RE: [BUG] wifi: rtw88: Hard system freeze on RTL8821CE when power_save is enabled (LPS/ASPM conflict)
From: Ping-Ke Shih
Date: Tue Mar 10 2026 - 22:24:08 EST
Ping-Ke Shih <pkshih@xxxxxxxxxxx> wrote:
>
> LB F <goainwo@xxxxxxxxx> wrote:
> >
> > Hi Ping-Ke,
> >
> > Thank you for the incredibly fast response and assistance!
> >
> > > Can you dig kernel log (by netconsole or ramoops) if something useful?
> > > I'd like to know this is hardware level freeze or kernel can capture something
> > wrong.
> >
> > I managed to pull a call trace from a historic journald log just
> > before the system hung. The kernel gets trapped in an IRQ thread
> > inside `rtw_pci_interrupt_threadfn`, calling up into `mac80211`
> > `ieee80211_rx_list` before everything freezes. Here is the relevant
> > snippet:
> >
> > ```text
> > Call Trace:
> > <IRQ>
> > ? __alloc_skb+0x23a/0x2a0
> > ? __alloc_skb+0x10c/0x2a0
> > ? __pfx_irq_thread_fn+0x10/0x10
> > [ ... truncated module list ... ]
> > Tainted: G W I 6.19.6-2-cachyos #1 PREEMPT(full)
> > Hardware name: HP HP Notebook/81F0, BIOS F.50 11/20/2020
> > RIP: 0010:ieee80211_rx_list+0x1012/0x1020 [mac80211]
> > CPU: 2 UID: 0 PID: 765 Comm: irq/56-rtw88_pc
> > rtw_pci_interrupt_threadfn+0x239/0x310 [rtw88_pci]
> > ```
> >
> > It behaves exactly like a PCIe bus deadlock or a hardware fault that
> > eventually brings down the CPU handling the IRQ.
>
> I wonder if there is a malformed data, causing this trace and the leads
> kernel freezes. If we can do validation on RX data before calling
> ieee80211_rx_list(), maybe trace disappears and everything will be fine?
> Even no need workaround.
>
> >
> > > Are these totally needed to workaround the problem? Or disable_aspm is enough?

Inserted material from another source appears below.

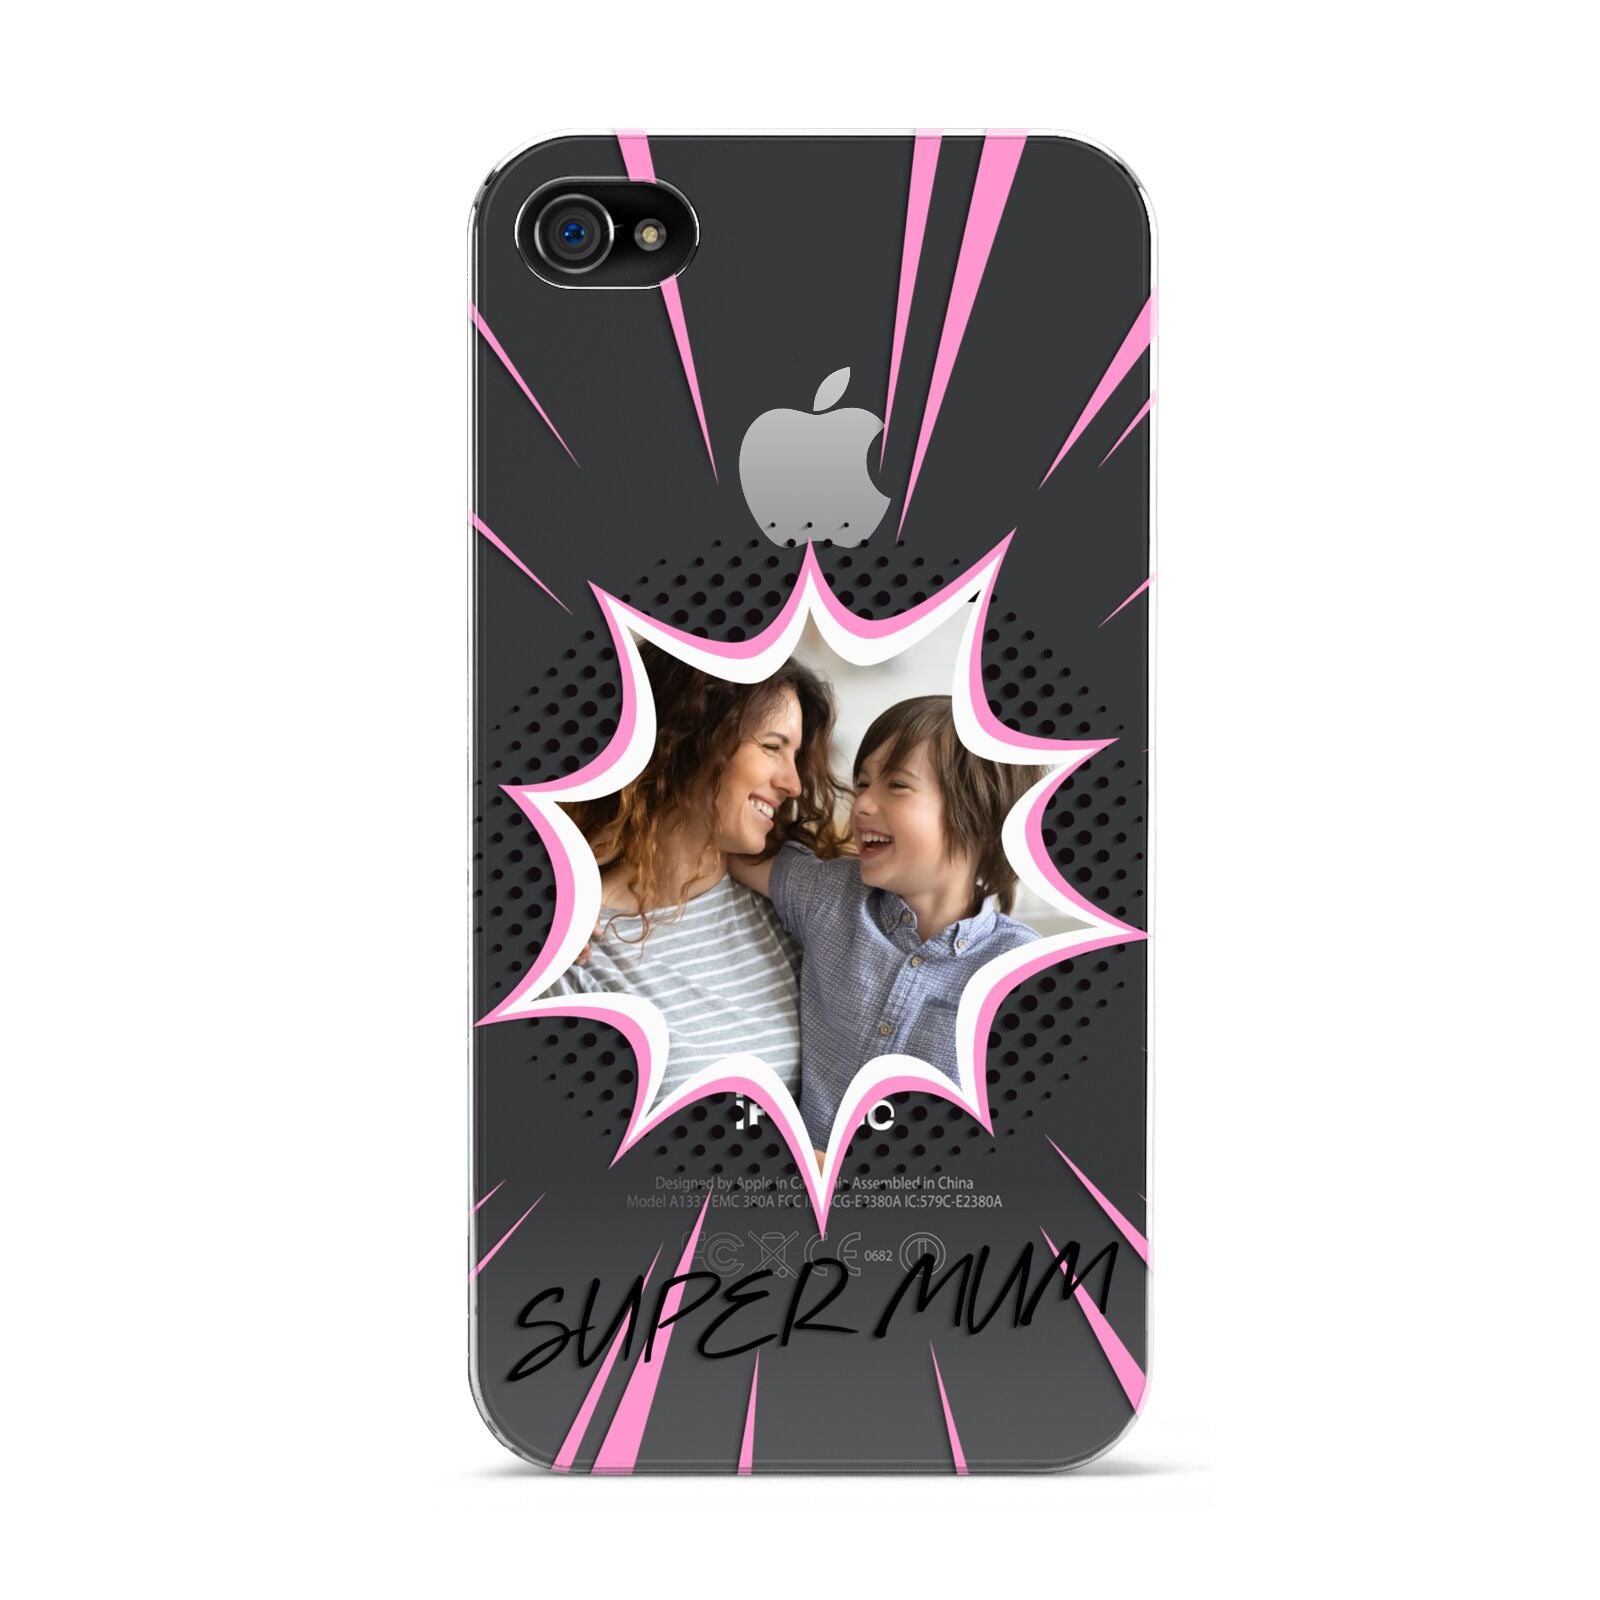 Super Mum Photo Apple iPhone 4s Case

> > > I'd list them in order of power consumption impact:
> > > 1. disable_aspm=y
> > > 2. disable_lps_deep=y
> > > 3. disable WiFi power save
> >
> > To verify which parameters are strictly necessary, I performed
> > isolated testing today. I ensured no other modprobe configs were
> > active, rebuilt the initramfs, and manually enforced that
> > `wifi.powersave` was active via `iw dev wlan0 set power_save on`
> > during all tests (as the OS power management profiles were defaulting
> > it to off, which initially masked the issue).
> >
> > I tested each workaround individually across multiple sleep/wake
> > cycles and active usage:
> >
> > **Test 1 (ASPM Disabled, LPS Deep Enabled):**
> > - Kernel parameters: `rtw88_pci disable_aspm=y` (and `rtw88_core
> > disable_lps_deep=n`)
> > - Result: Stable. No freezes were observed during usage or transitions
> > into/out of S3 sleep while power saving was enforced.
> >
> > **Test 2 (ASPM Enabled, LPS Deep Disabled):**
> > - Kernel parameters: `rtw88_core disable_lps_deep=y` (and `rtw88_pci
> > disable_aspm=n`)
> > - Result: Stable. No freezes were observed under the same forced power
> > save conditions.
> >
> > **Conclusion:** It appears we do not need both workarounds
> > simultaneously for this specific hardware. Using only `disable_aspm=y`
> > seems to be sufficient to prevent the system freeze. Given your note
> > about the power consumption impact ranking, this looks like the
> > optimal path forward.
>
> Let's test my RFT patch to disable ASPM then.
>
> >
> > > But what does 'deadlock' mean? As I know NAPI poll is scheduled by ISR,
> > > and going to receive packets. The rx_no_aspm workaround is to forcely turn
> > > off ASPM during this period.
> >
> > By "deadlock" I meant a hardware-level bus lockup. It seems the
> > physical RTL8821CE chip itself crashes or hangs the system's PCIe bus
> > when trying to negotiate waking up from ASPM L1 while simultaneously
> > existing in `LPS_DEEP_MODE_LCLK`. The `rx_no_aspm` workaround in NAPI
> > helps during active Rx decoding, but the laptop often freezes while
> > completely idle, presumably when the AP sends a basic beacon, the chip
> > attempts to leave LPS Deep + L1, and the hardware simply gives up and
> > halts the system.
>
> I think this is your perspective and induction, right? Did you measure
> real hardware signals?
>
> My point is that if this is a hardware-level bus lockup, let's apply
> quirk. If some malformed data causing kernel hangs, I'd add sanity check
> on RX data, but I don't actually know what we should check for now.
>
> >
> > > We have not modified RTL8821CE for a long time, so I'd add workaround
> > > to specific platform as mentioned above.
> >
> > Adding a DMI/platform quirk specifically for this laptop to disable
> > ASPM would be wonderful and deeply appreciated. I agree it is safer
> > than touching the global flags for hardware that is functioning
> > correctly out in the wild.
> >
> > Here is the exact identifying information for my system:
> >
> > System Vendor: HP
> > Product Name: HP Notebook
> > SKU Number: P3S95EA#ACB
> > Family: 103C_5335KV
> > PCI ID: 10ec:c821
> > Subsystem ID: 103c:831a
> >
> > I am completely ready to test any patch or quirk you send my way.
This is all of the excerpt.